_What you will do_: Transcribe the listing below in full, exactly, with no images.

_Given information_:
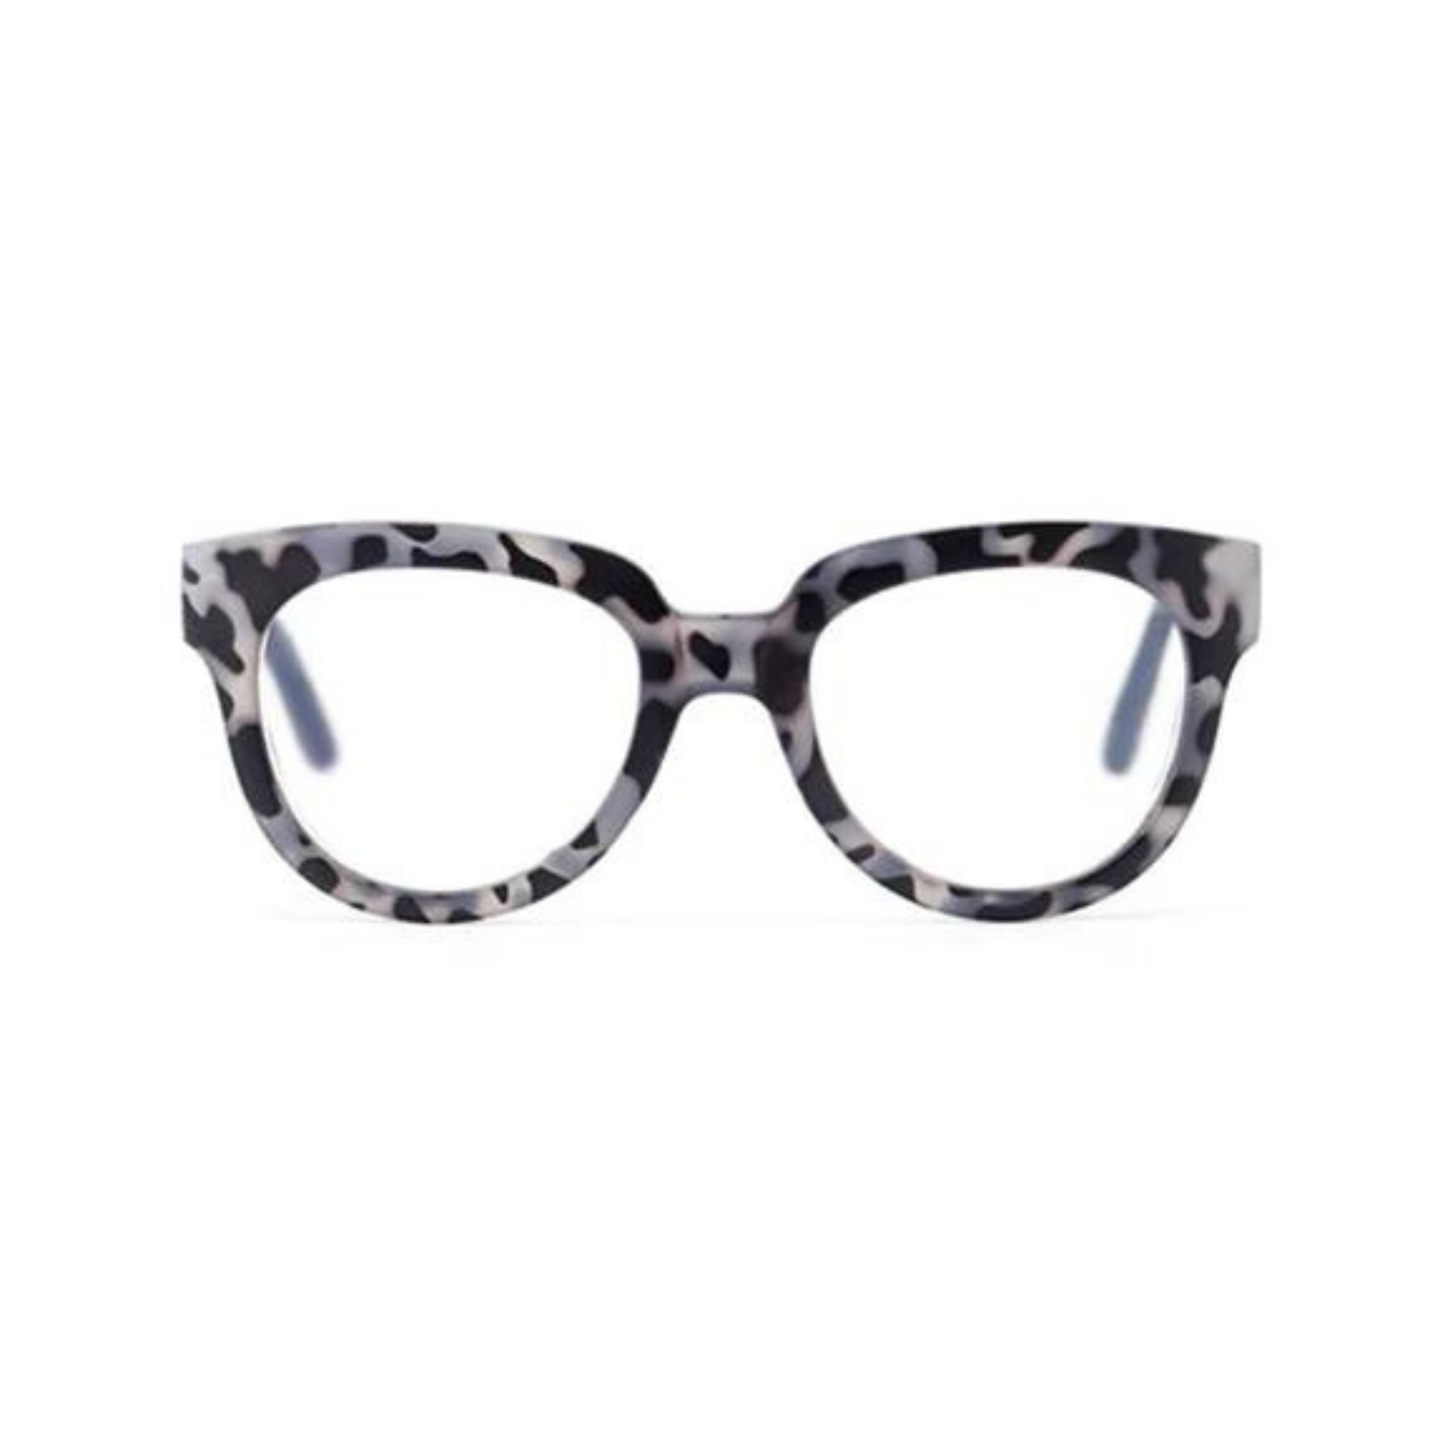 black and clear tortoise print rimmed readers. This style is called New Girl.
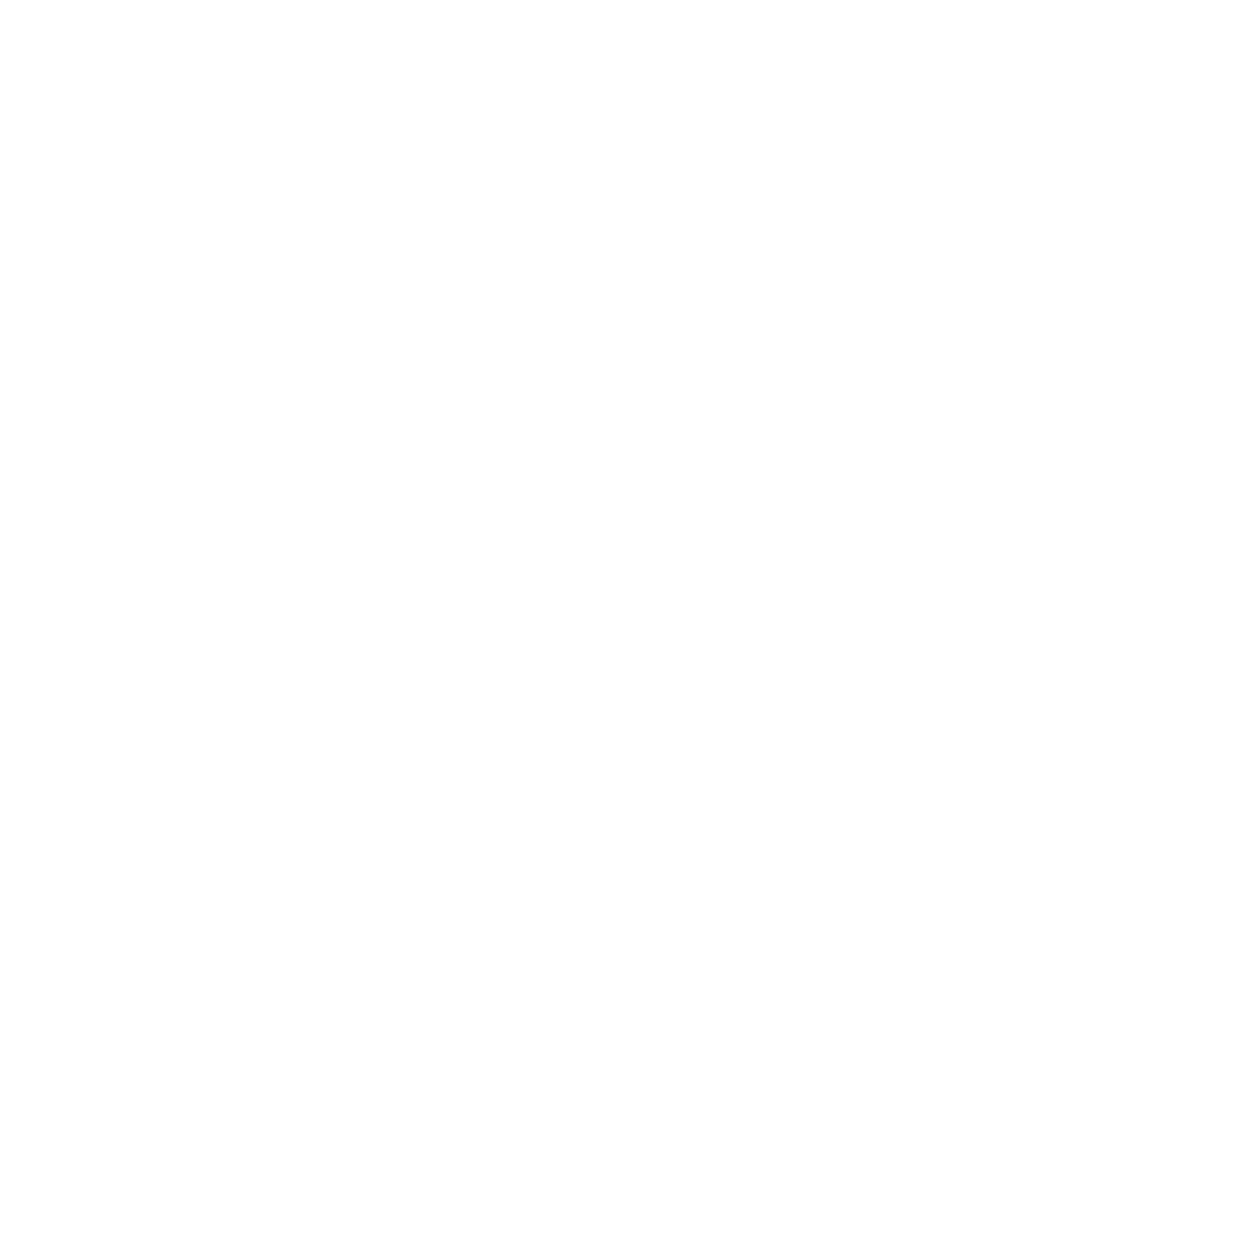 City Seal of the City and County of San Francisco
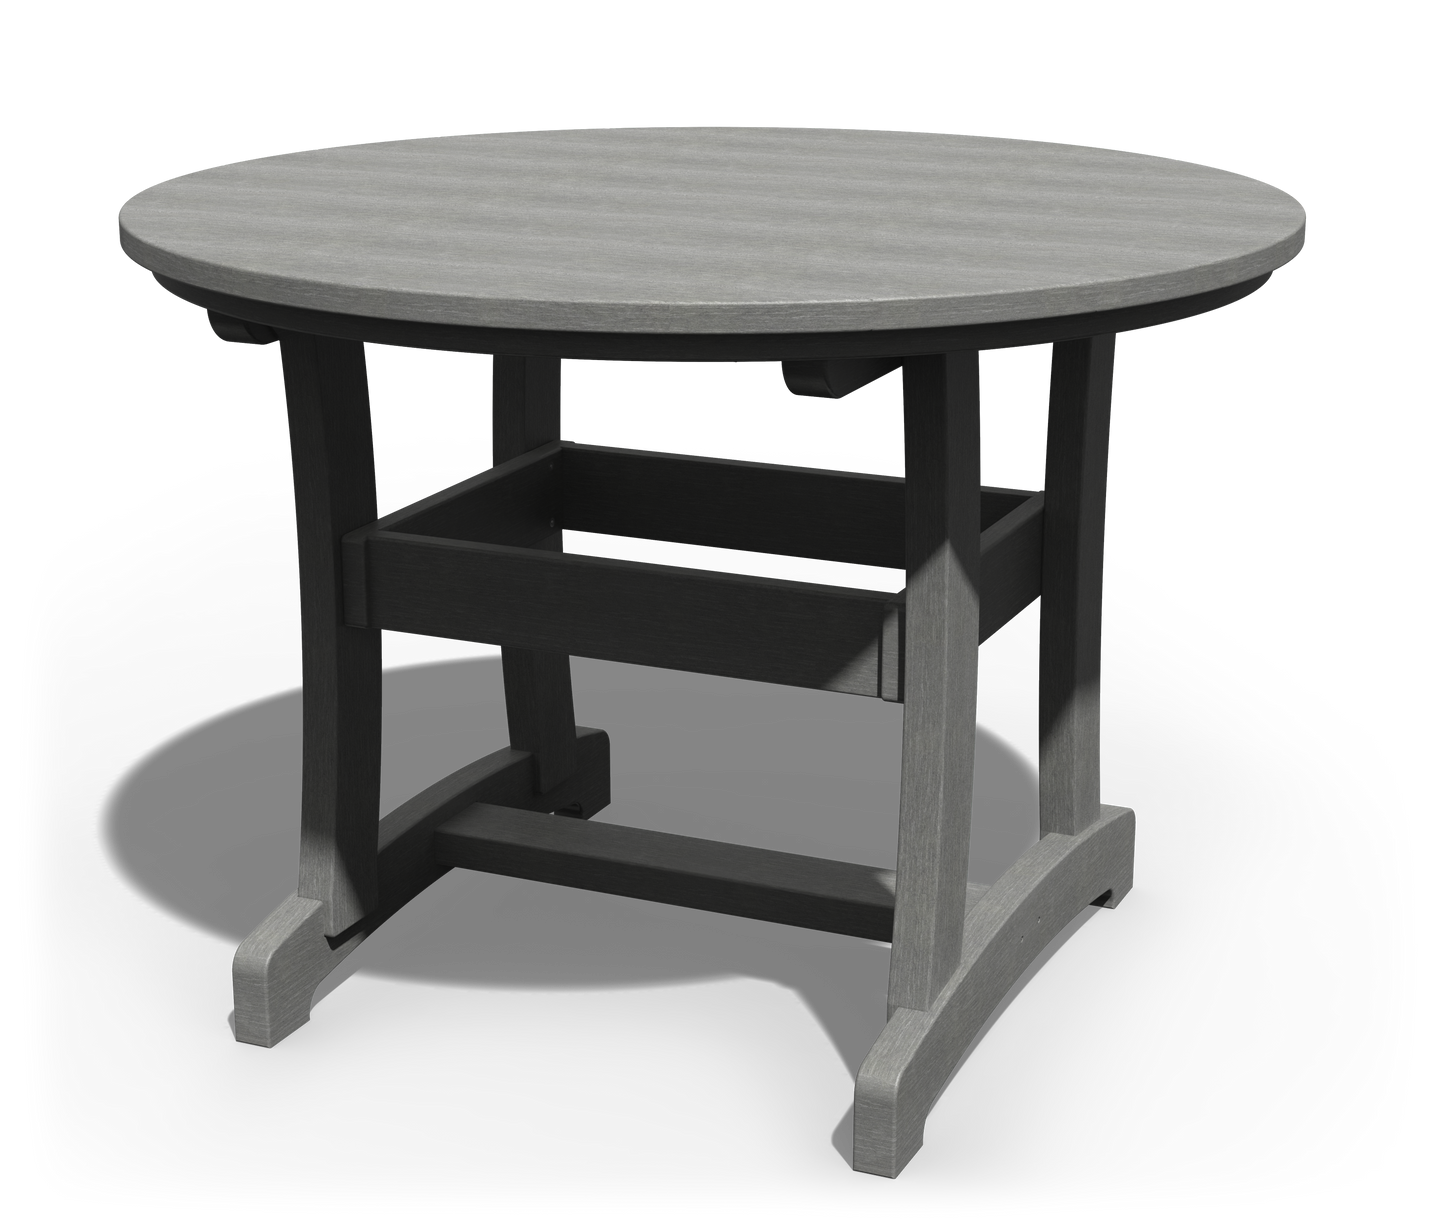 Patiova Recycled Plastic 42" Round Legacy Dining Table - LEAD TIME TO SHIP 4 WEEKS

_Problem solution_:
 black and clear tortoise print rimmed readers. This style is called New Girl.
 City Seal of the City and County of San Francisco
 Patiova Recycled Plastic 42" Round Legacy Dining Table - LEAD TIME TO SHIP 4 WEEKS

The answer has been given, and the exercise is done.